(Beginning of DATA SEGMENT)

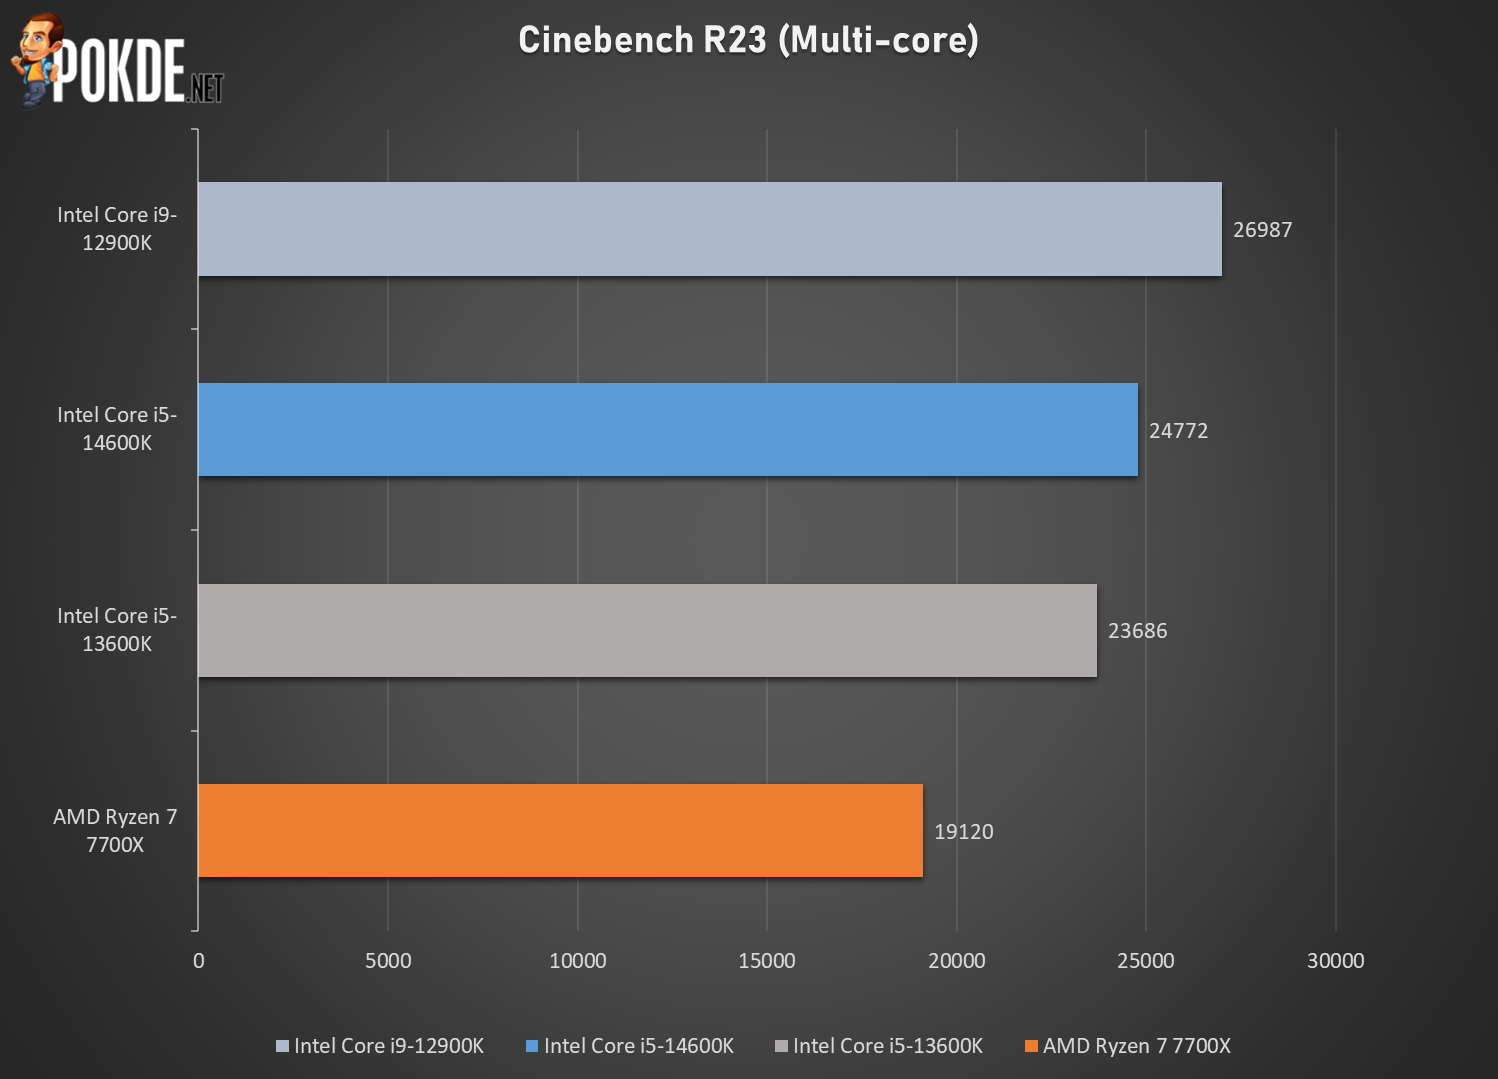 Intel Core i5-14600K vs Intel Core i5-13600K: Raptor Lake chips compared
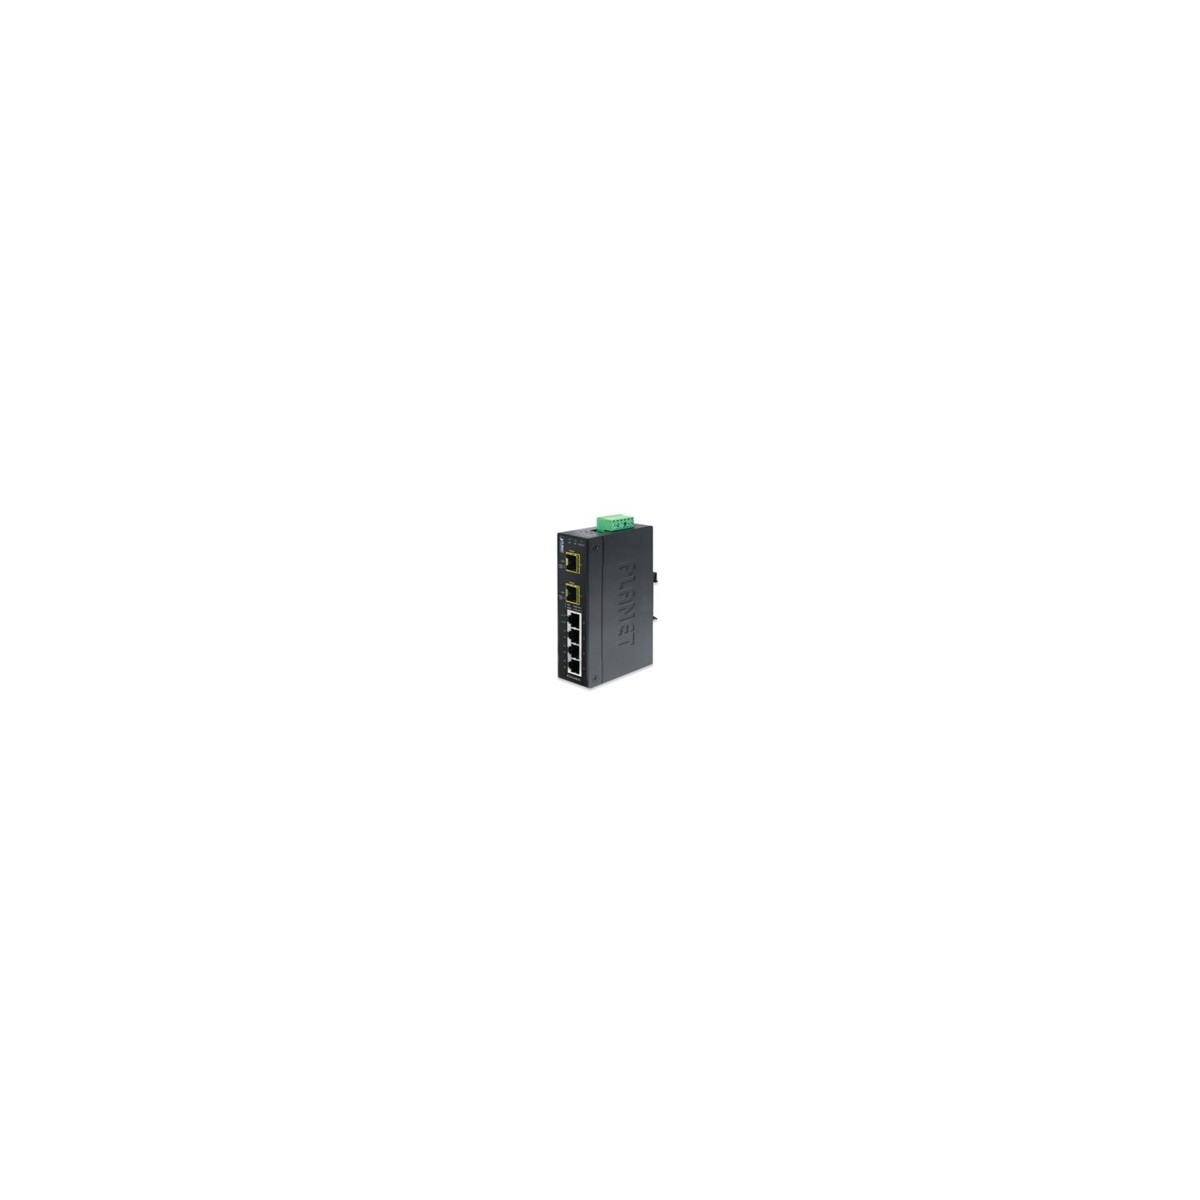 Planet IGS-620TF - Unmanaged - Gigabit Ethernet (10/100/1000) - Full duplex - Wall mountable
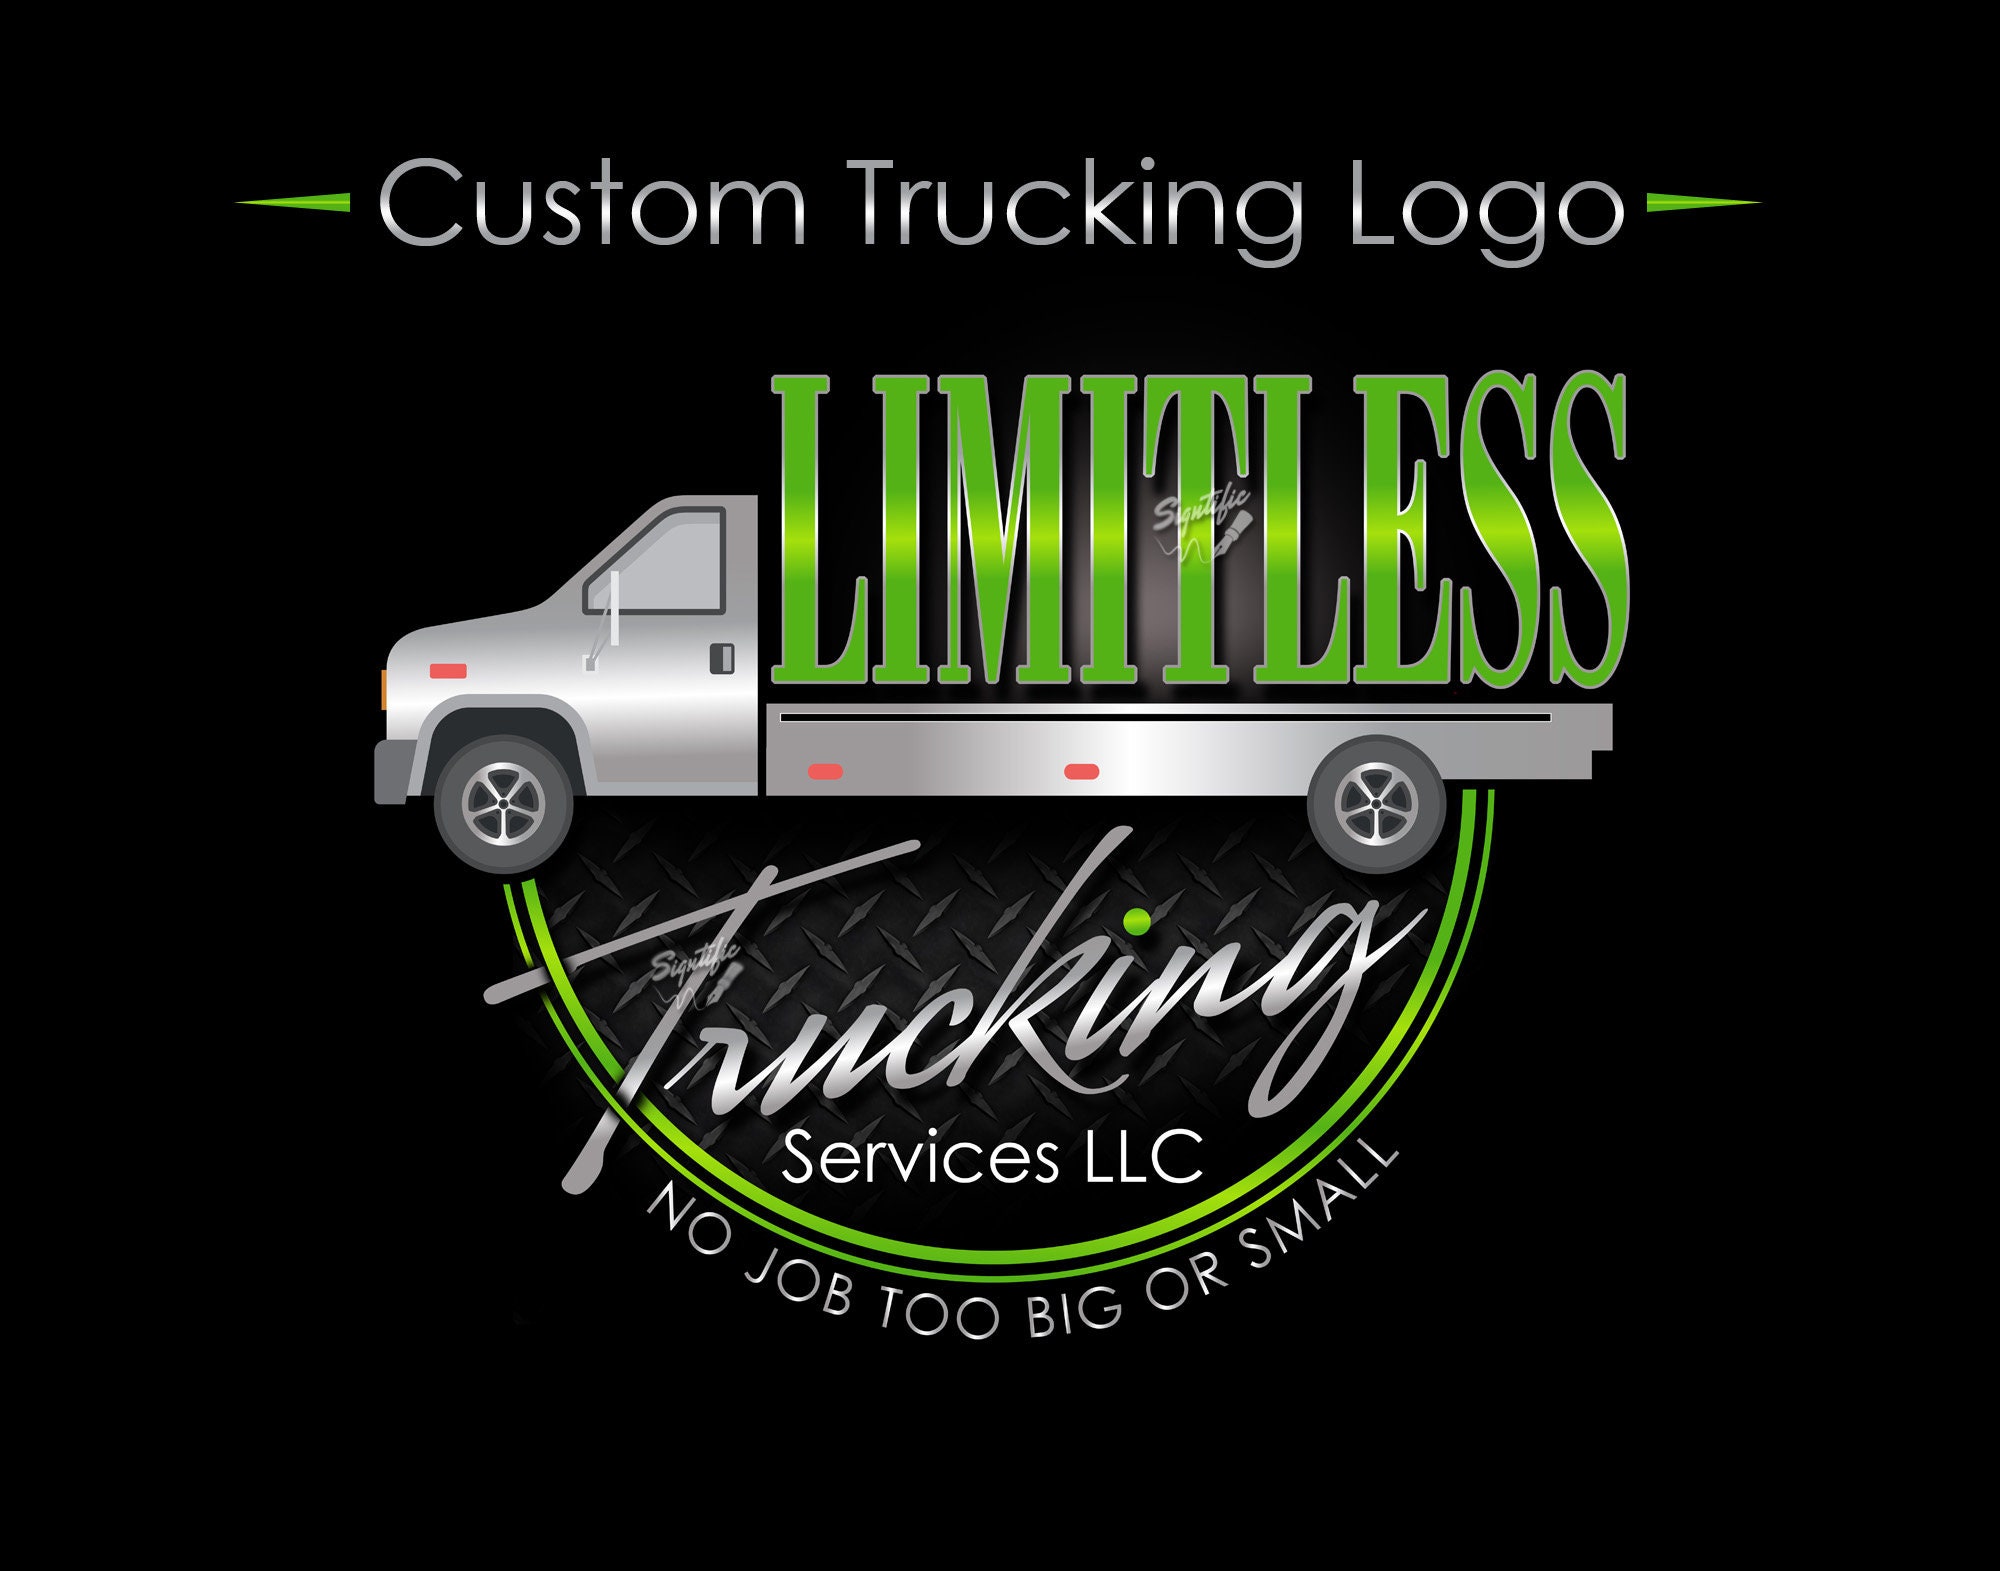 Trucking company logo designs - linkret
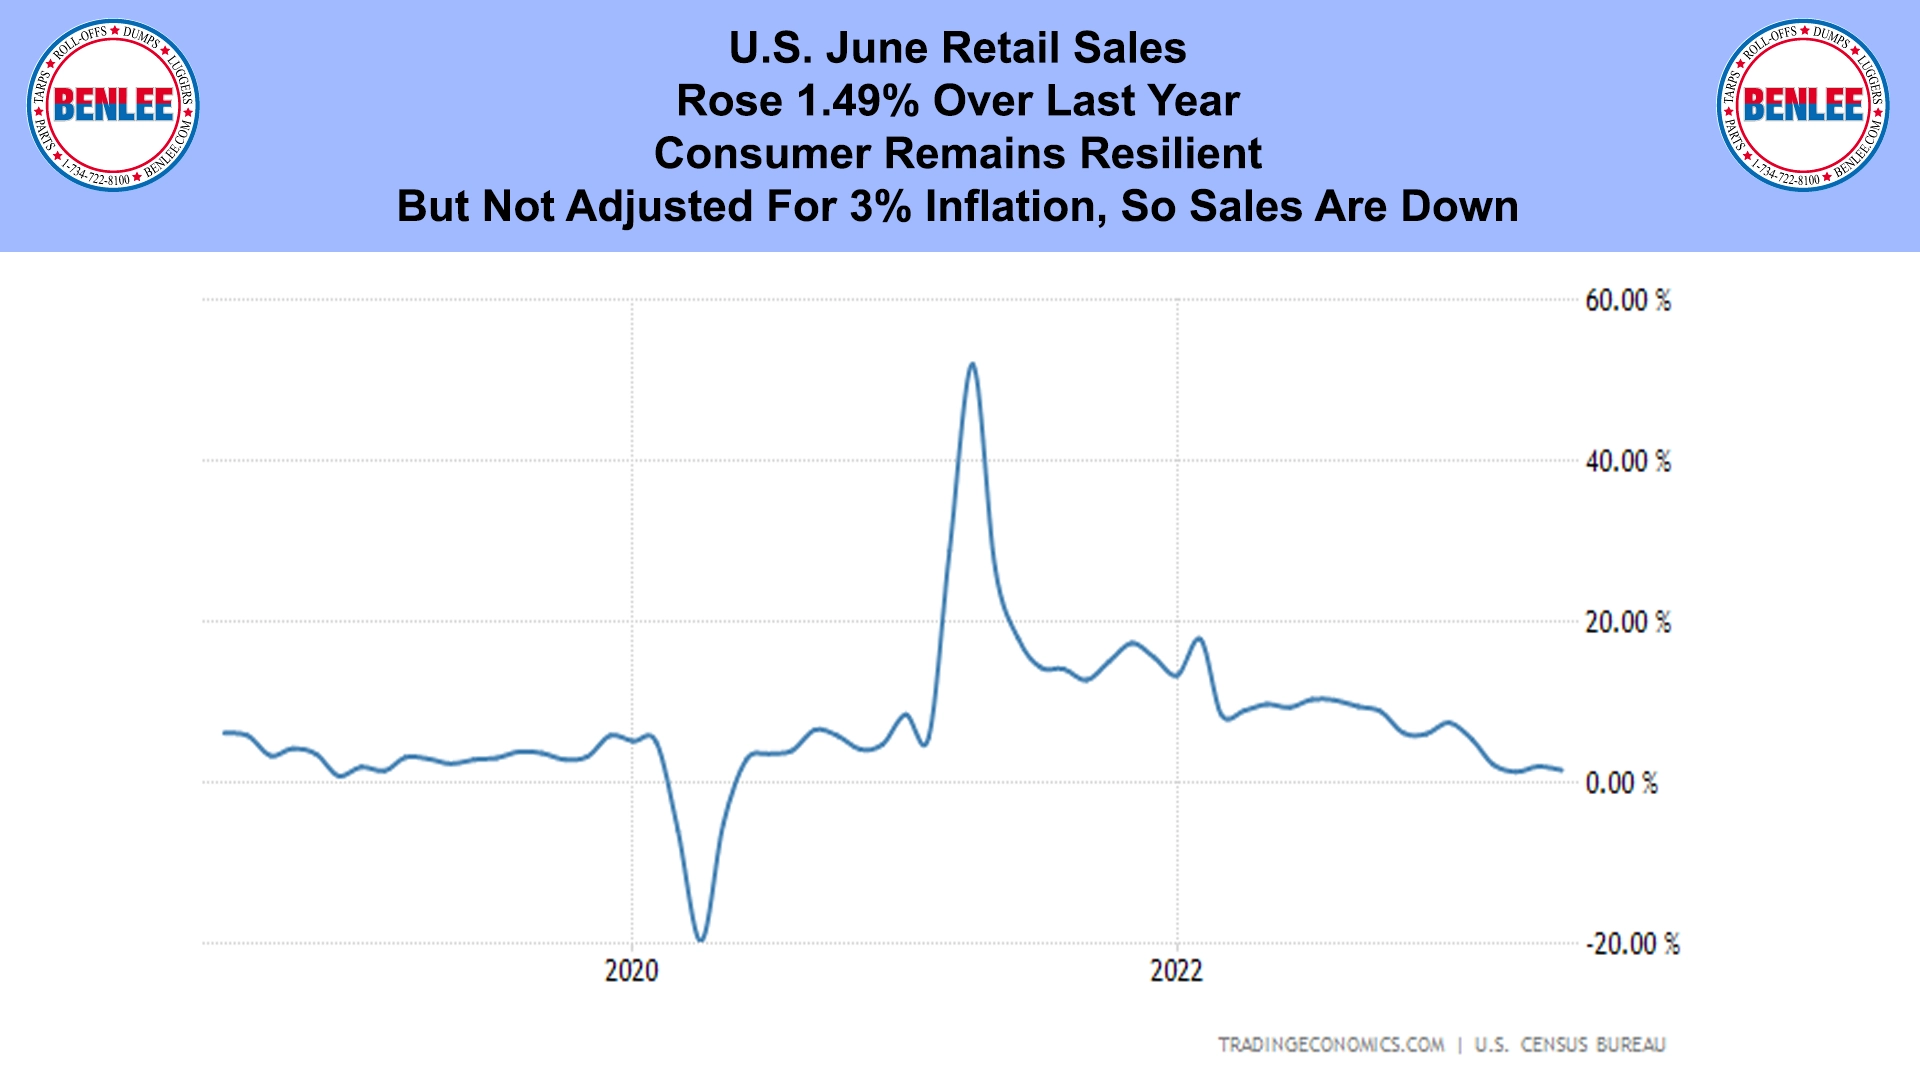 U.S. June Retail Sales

(End of DATA SEGMENT)

• EXERCISE DESCRIPTION:
Omit every picture while copying the listing above exactly.

• ANSWER BOX:
 Intel Core i5-14600K vs Intel Core i5-13600K: Raptor Lake chips compared
 Planet IGS-620TF - Unmanaged - Gigabit Ethernet (10/100/1000) - Full duplex - Wall mountable
 Trucking company logo designs - linkret
 U.S. June Retail Sales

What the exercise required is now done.